The second roof to cave in was this summer when Hurricane Hilary — the first tropical storm to hit Southern California in 84 years — made its way to Southern Nevada as a sub-tropical storm, where it caused intense floods and structural damage.
Hilary dumped a year’s worth of rain on Death Valley, setting a new single-day rainfall record of 2.2 inches. The previous record of 1.70 inches was set a year earlier in August 2022. Miles of flood water circled the tribe’s entire village near the Nevada-California border, leaving residents trapped on an island of dry land for two days before the National Park Service set up an emergency road.
The adobe homes were built for the tribe by the Civilian Conservation Corps in the 1930s, but the Park Service tried to demolish them several times while the Timbisha Shoshone migrated during the summers for cooler mountainous elevations where piñon nuts, mesquite beans, roots and berries were harvested.
“They were hoping that in time we would leave, and they could wash the adobe homes out,” said Mandi Campbell, the historic preservation officer for the tribe.
“We have six of them left. There are two where part of the roof has collapsed. Another one is about to collapse, not just from this storm, but all the storms put together,” she continued.
Nevada broke its rainfall records this year, more than doubling to 9.20 inches of rain, according to the National Oceanic and Atmospheric Association’s Weather Prediction Center. After record rains, more than three-quarters of Nevada is now fully drought free for the first time since April 2020. It’s a vast improvement from the same time last year, when 99.5% of the state was in severe drought.
For Nevada in recent years, it’s either feast or famine.
But the water starved soil and sun-blasted vegetation of Nevada are not designed to accept a deluge of moisture overnight. Extremely dry habitats can’t absorb water fast enough to pull it from the surface, leaving the desert no choice but to flood.
‘Our community could have been wiped out’
It’s estimated that flooding this year caused a combined $20 million in damages to state infrastructure, says the Nevada Division of Emergency Management. A little more soil erosion in a particularly hard working dam on the Walker River in west central Nevada could have resulted in something worse.

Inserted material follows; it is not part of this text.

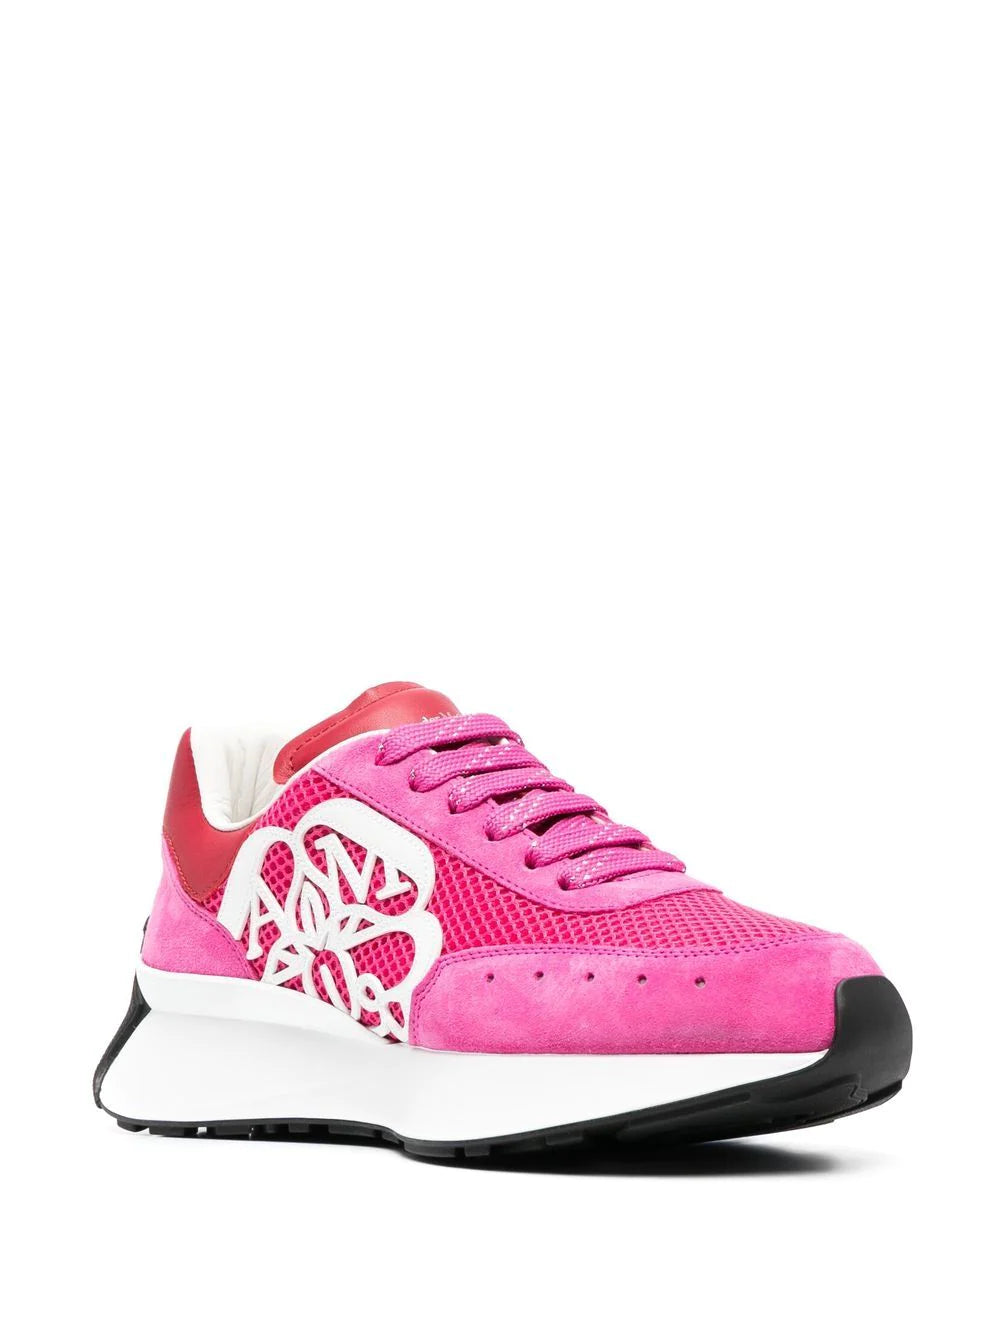 Alexander McQueen Oversize Platform Sneakers White/Pink Glitter Size 38.5 | Alexander  mcqueen shoes, Platform sneakers, Sneakers white

Homes along the Walker River were surrounded by sandbags wrapped in plastic, and just outside the town of Schurz, hundreds more tightly packed thermoplastic sacks were on standby. One homeowner had already been evacuated, and the U.S. Bureau of Indian Affairs warned the residents of the Walker River Indian Reservation that a possible dam failure could lead to many more.
In short, if the record-breaking runoff from melting snow continued and the early signs of erosion under the Weber Reservoir Dam progressed, over 71,000 cubic feet of water per second would rip through the town of Schurz for about 90 minutes.

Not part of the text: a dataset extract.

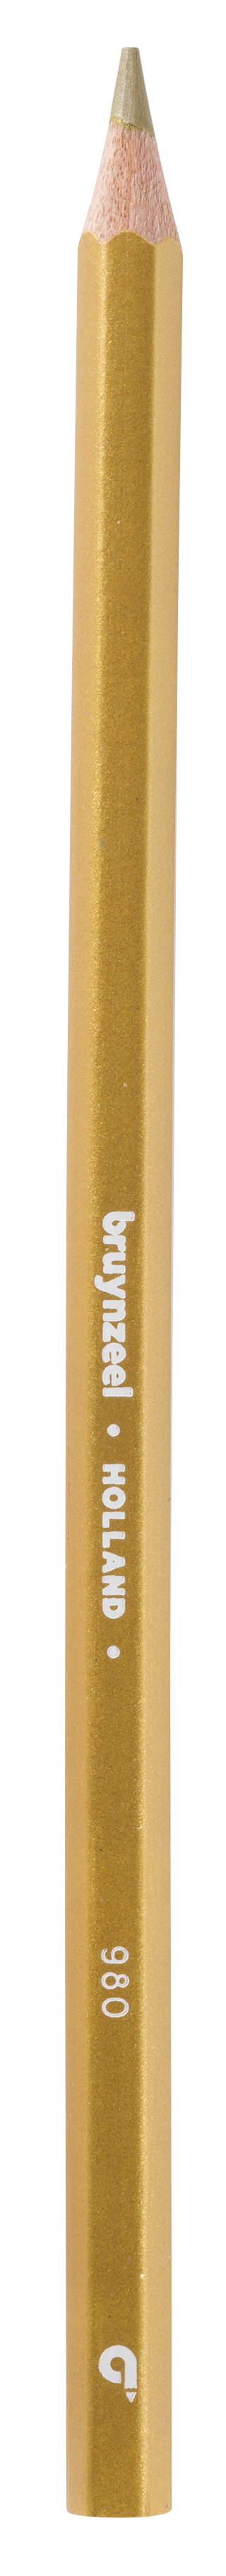 BRUYNZEEL Crayon de couleur Super 3.3mm 60516980 gold gold

After years of extreme drought, snowpacks in the Sierra Nevada mountains, which feeds Nevada’s Walker River, reached record-breaking levels last winter. Snow melt measurements across the Carson and Walker basins this summer surpassed all previous peak snow melt amounts for any year back to 1981, according to data from Natural Resources Conservation Service monitoring stations.
The U.S. Bureau of Indian Affairs, which manages the dam, called the six month flood in the Walker River basin brought by atmospheric rivers and melting snow a “once in five hundred years” event.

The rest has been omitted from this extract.